Reduction formulas with pi. Formulas for reducing trigonometric functions
How to remember formulas for reducing trigonometric functions? It's easy if you use an association. This association was not invented by me. As already mentioned, a good association should “catch”, that is, evoke vivid emotions. I cannot call the emotions caused by this association positive. But it gives a result - it allows you to remember reduction formulas, which means it has the right to exist. After all, if you don't like it, you don't have to use it, right?
The reduction formulas have the form: sin(πn/2±α), cos(πn/2±α), tg(πn/2±α), ctg(πn/2±α). Remember that +α gives counterclockwise movement, - α gives clockwise movement.
To work with reduction formulas, you need two points:
1) put the sign that the initial function has (in textbooks they write: reducible.
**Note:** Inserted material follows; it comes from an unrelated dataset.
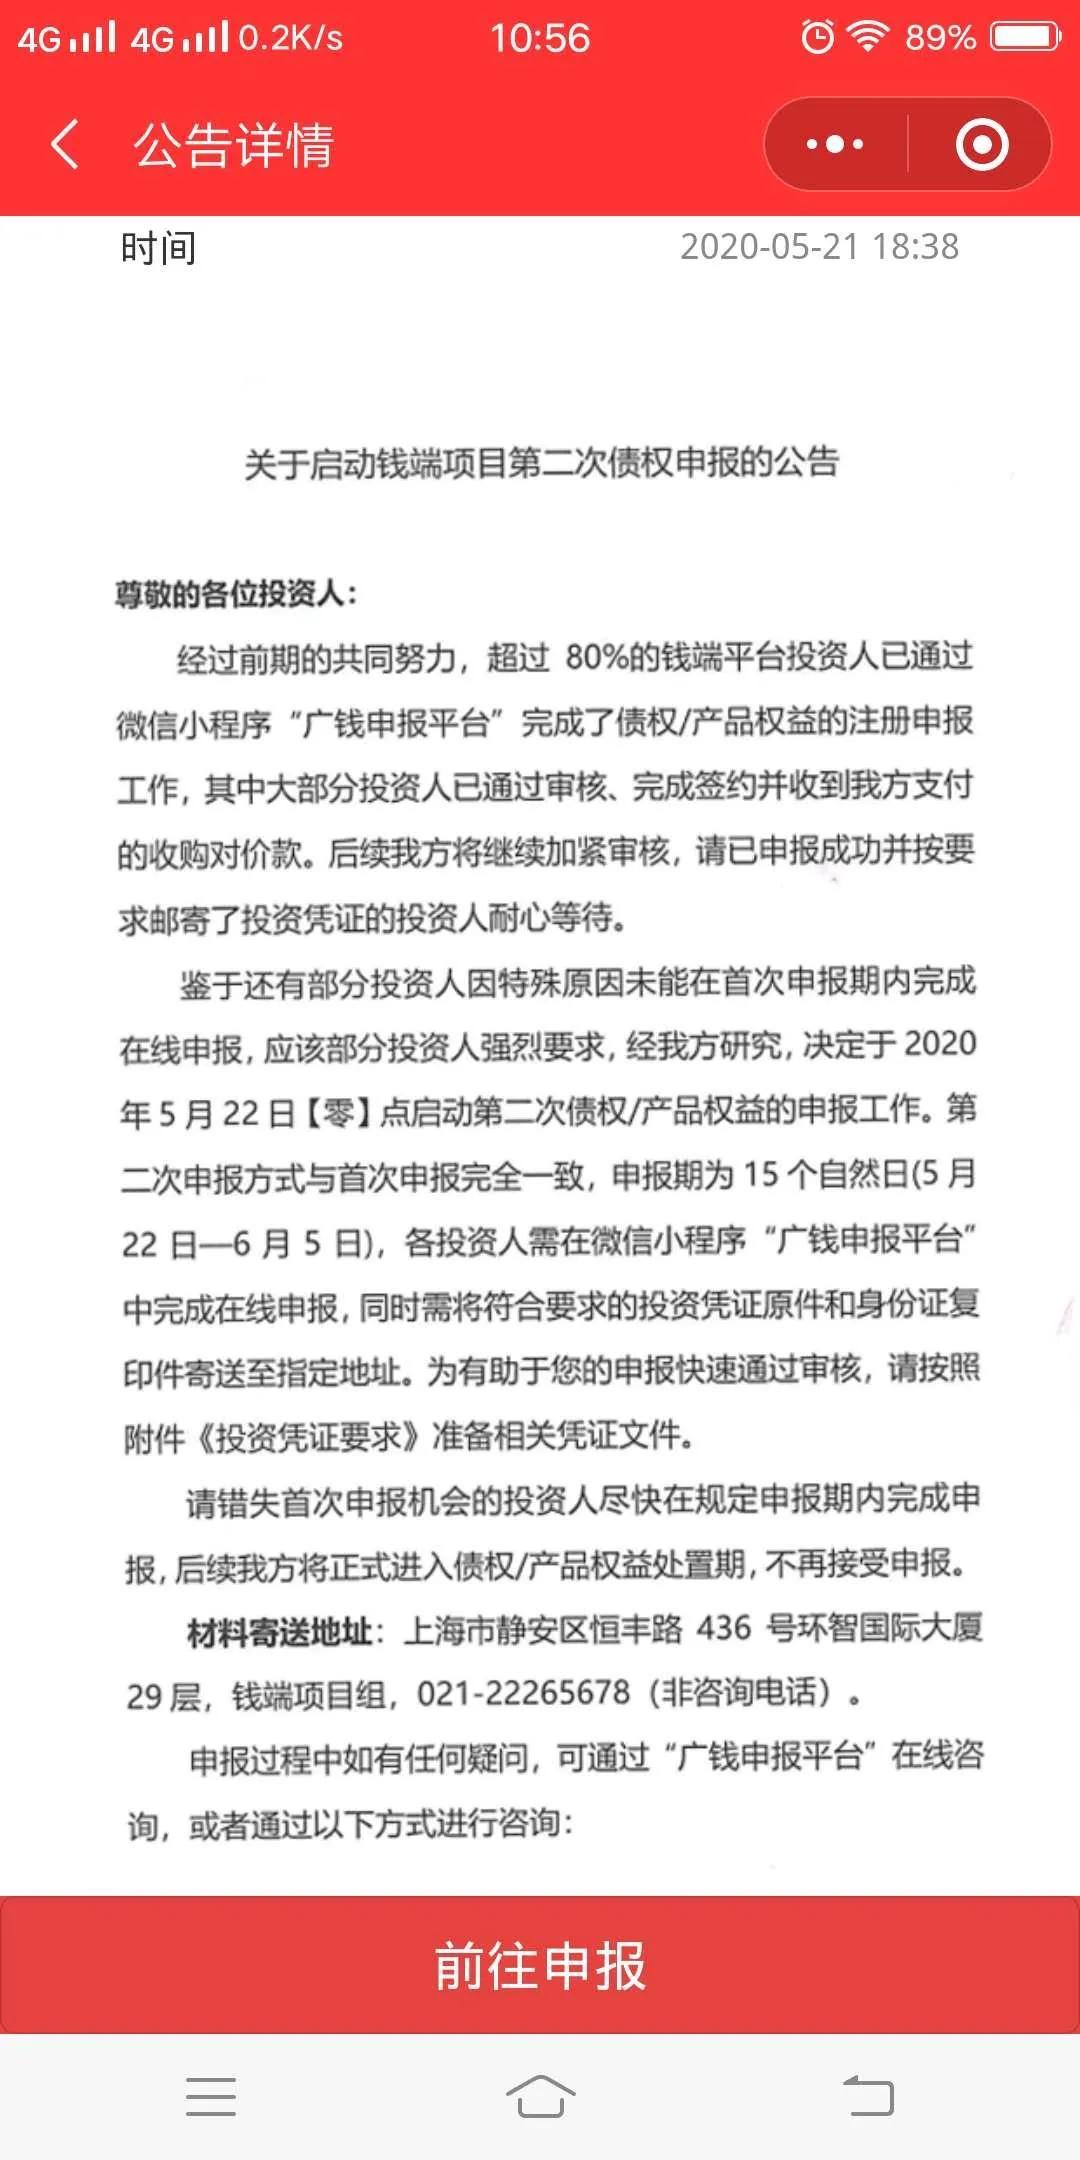 钱端投资人申报6月5日截止,青岛受害者投诉招行员工上门误导推销

But in order not to get confused, it is better to call it initial), if we consider α to be the angle of the first quarter, that is, small.
2) Horizontal diameter - π±α, 2π±α, 3π±α... - in general, when there is no fraction, the name of the function does not change. Vertical π/2±α, 3π/2±α, 5π/2±α... - when there is a fraction, the name of the function changes: sine - to cosine, cosine - to sine, tangent - to cotangent and cotangent - to tangent. 
Now, actually, the association:
vertical diameter (there is a fraction) -
standing drunk. What will happen to him early?
or is it too late? That's right, it will fall.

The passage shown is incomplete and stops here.